Other groups hold to a view called Christian Sabbatarianism that argues that Christians are to worship together on Sundays and refrain from work. However, this too both reinterprets biblical passages related to Sabbath laws for Jews and limits worship gatherings to one day per week. The early church gathered on whatever days they could, especially when traveling teachers were in their area. Many of the formalities associated with modern church worship simply did not exist in the New Testament period.
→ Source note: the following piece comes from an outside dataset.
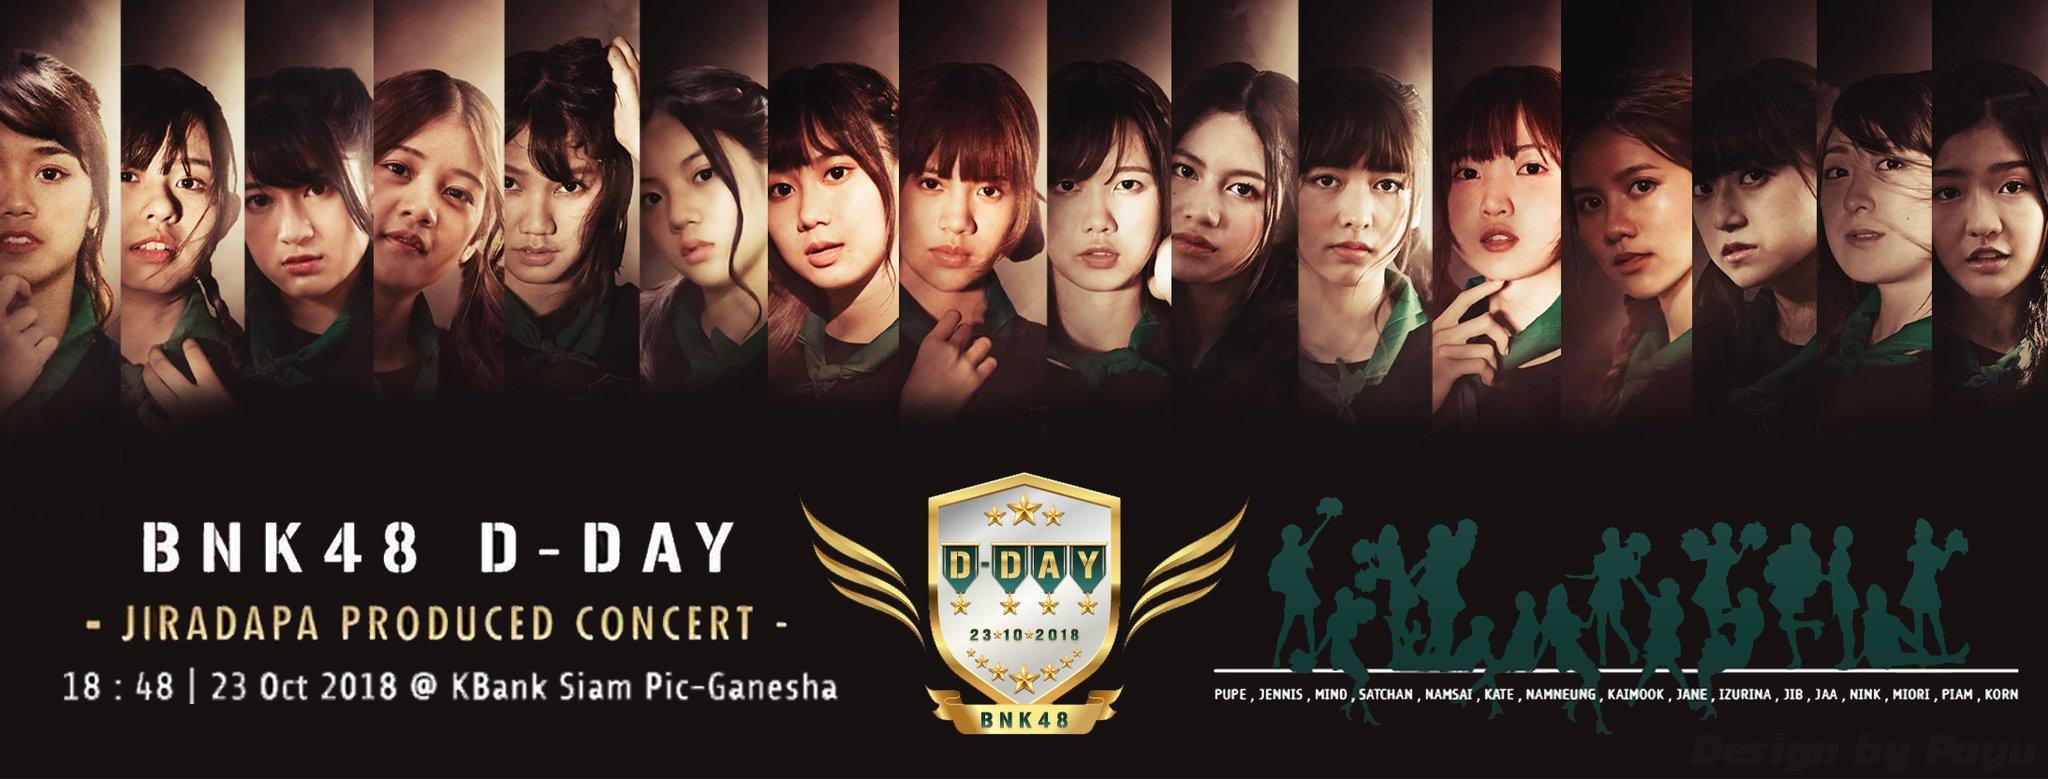 จาก Girls Don't Cry ถึง BNK48 D-Day Concert 2

The Sabbath day has not changed. It remains Saturday as it has always existed on the Jewish calendar. The Sabbath begins on Friday sunset and lasts until Saturday sunset. While Jewish Law required Jews to refrain from work during this time period each week, Christians have not been given this command. The choice to worship and/or to rest from work on this day is a matter of personal conviction rather than biblical command. Ideally, Christians would desire to join with other believers several times per week for fellowship and to worship Christ (Acts 2:46; Hebrews 4:12).